Monday, October 29, 2007


     It’s been raining nails for the past week and a half, and it’s starting to annoy me. It was one thing when they were ½", but now they’re up to that inch size and that’s just inexcusable. First it was tacks, now it’s practically drywall nails. Those kind they put in nail guns? Yeah, those. Where does it go from here?
     Most of the nail manufacturers folded outright because of the downpour. And that’s just after three days of rain. Nails are now readily available all over the street. Construction companies haul them out of people’s yards and have already begun dragging rivers, lakes and sewers for them.
     Oh, and the fatalities are, of course, at an all-time high. No work is being done. People are afraid to leave their homes and most cars have been so dinged up that they’re undriveable.

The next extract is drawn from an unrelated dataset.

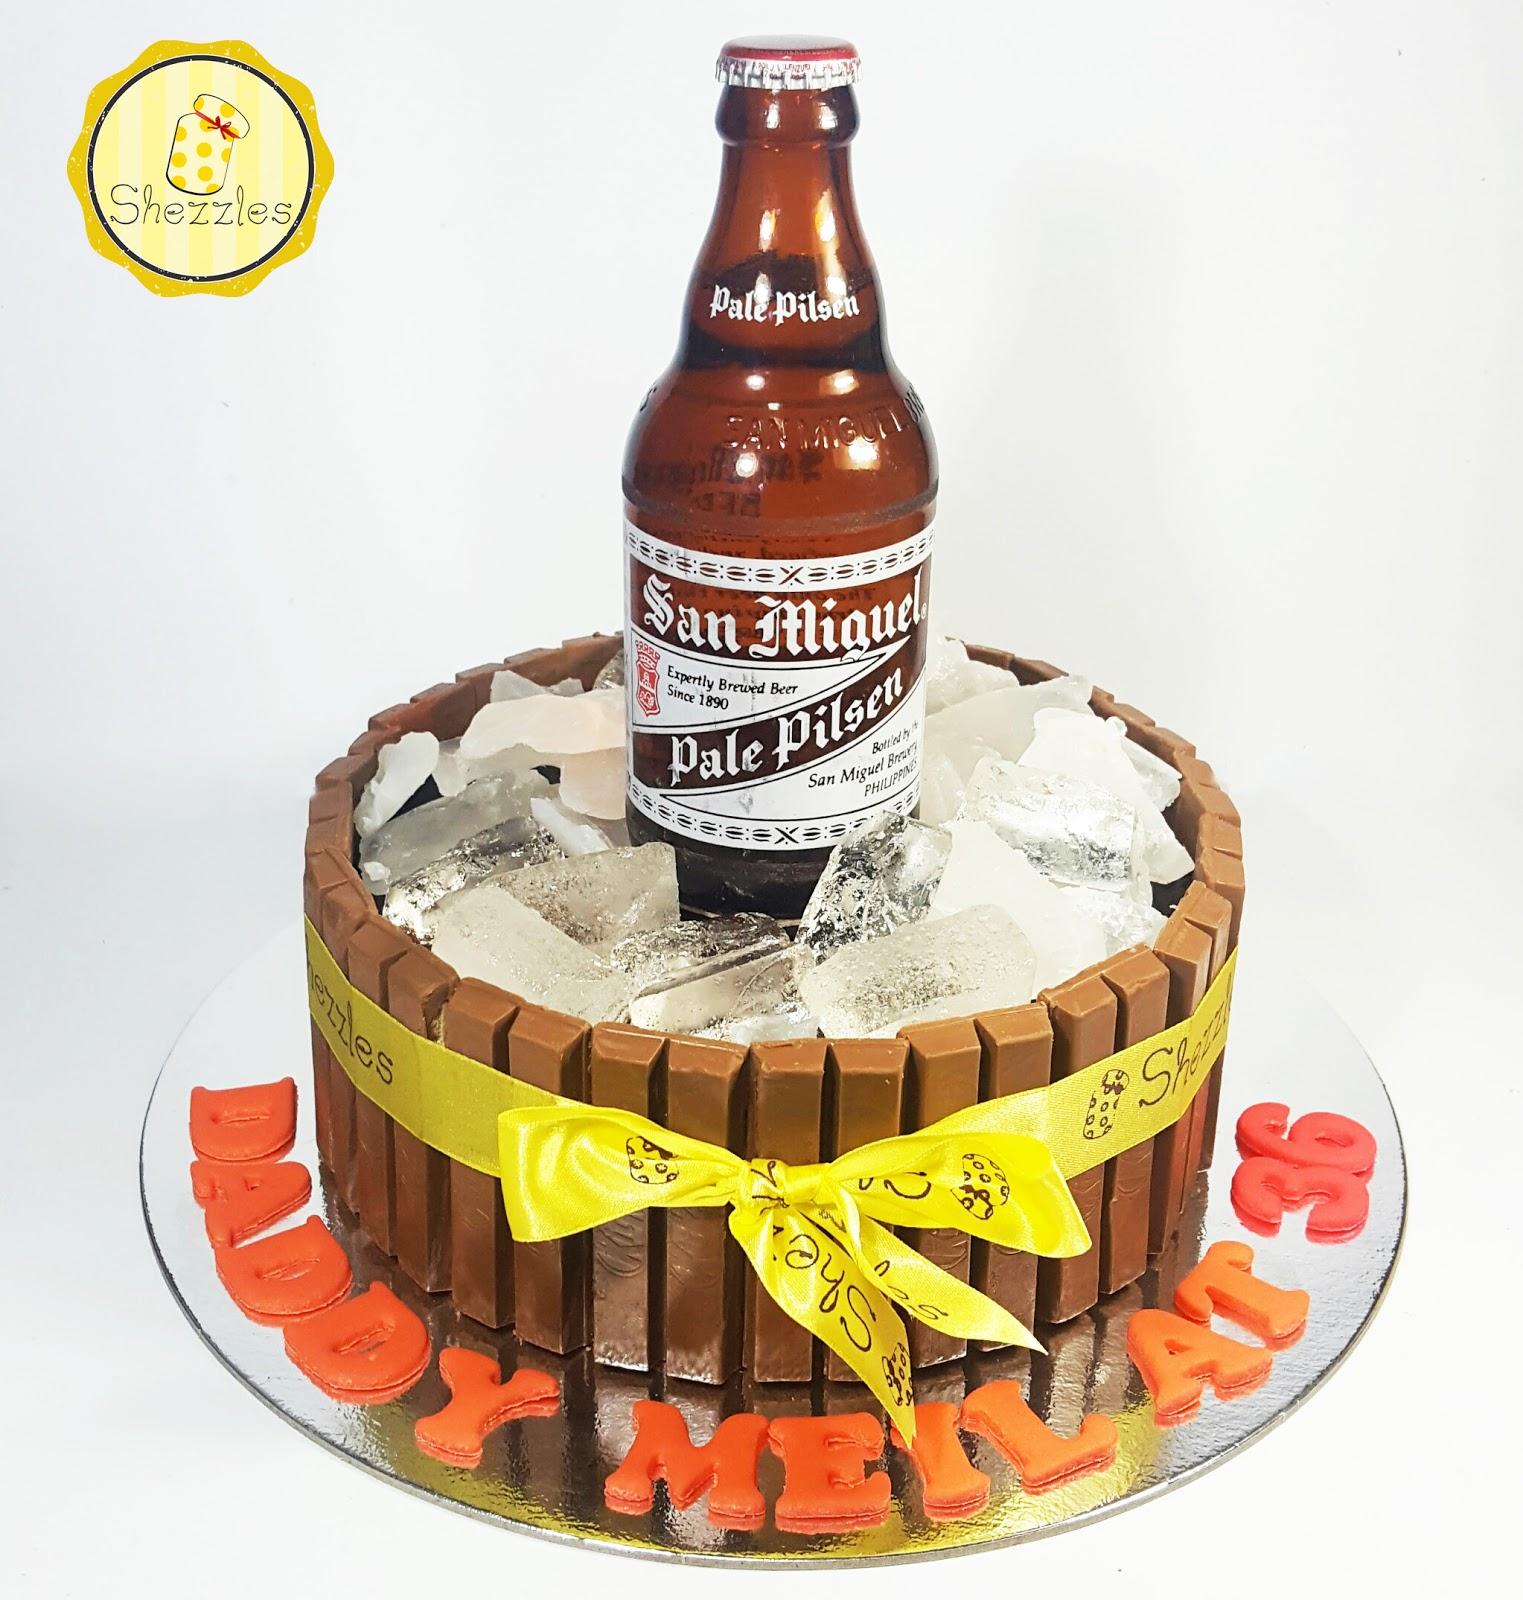 Dessert In A Jar: Kit Kat Beer Cake

     And who benefits from this? I mean, besides the building contractors and car dealerships. Otha Palmerdale, that’s who. This guy inherited Palmerdale Fabrication from his dad a year ago and has steadily driven it into the ground ever since. That was until three days ago. As the nails pierced the skulls of his factory workers, he instinctively grabbed a slab of unprocessed metal from the shop and made it to the safety of his office. In under an hour, he had constructed the Palmerdale Metalbrella out of that slab and became a savior to a nail-beaten nation, for a price.
     Some say it takes a lifetime to earn your millions. For Otha it took less than a day.
     The initial prototypes were a little bulky. The only people who were able to even open the Metalbrella were younger males with intense upper body strength. I hear that Palmerdale’s making some lightweight models for kids and older people by next season. Hopefully by then the nails would have stopped and Metalbrellas will just clog the landfills like so many 8 track players.
     Still, I’d rather take a nail to the forehead or simply stay indoors for the rest of my life than pay $49.99 for one of those hideous things. I mean, they don’t even come in blue. Although I’m sure the choice of colors will grow as demand does.
     This wasn’t in the Bible. Raining blood, frogs, sure. But not nails. This wasn’t how the world was supposed to end.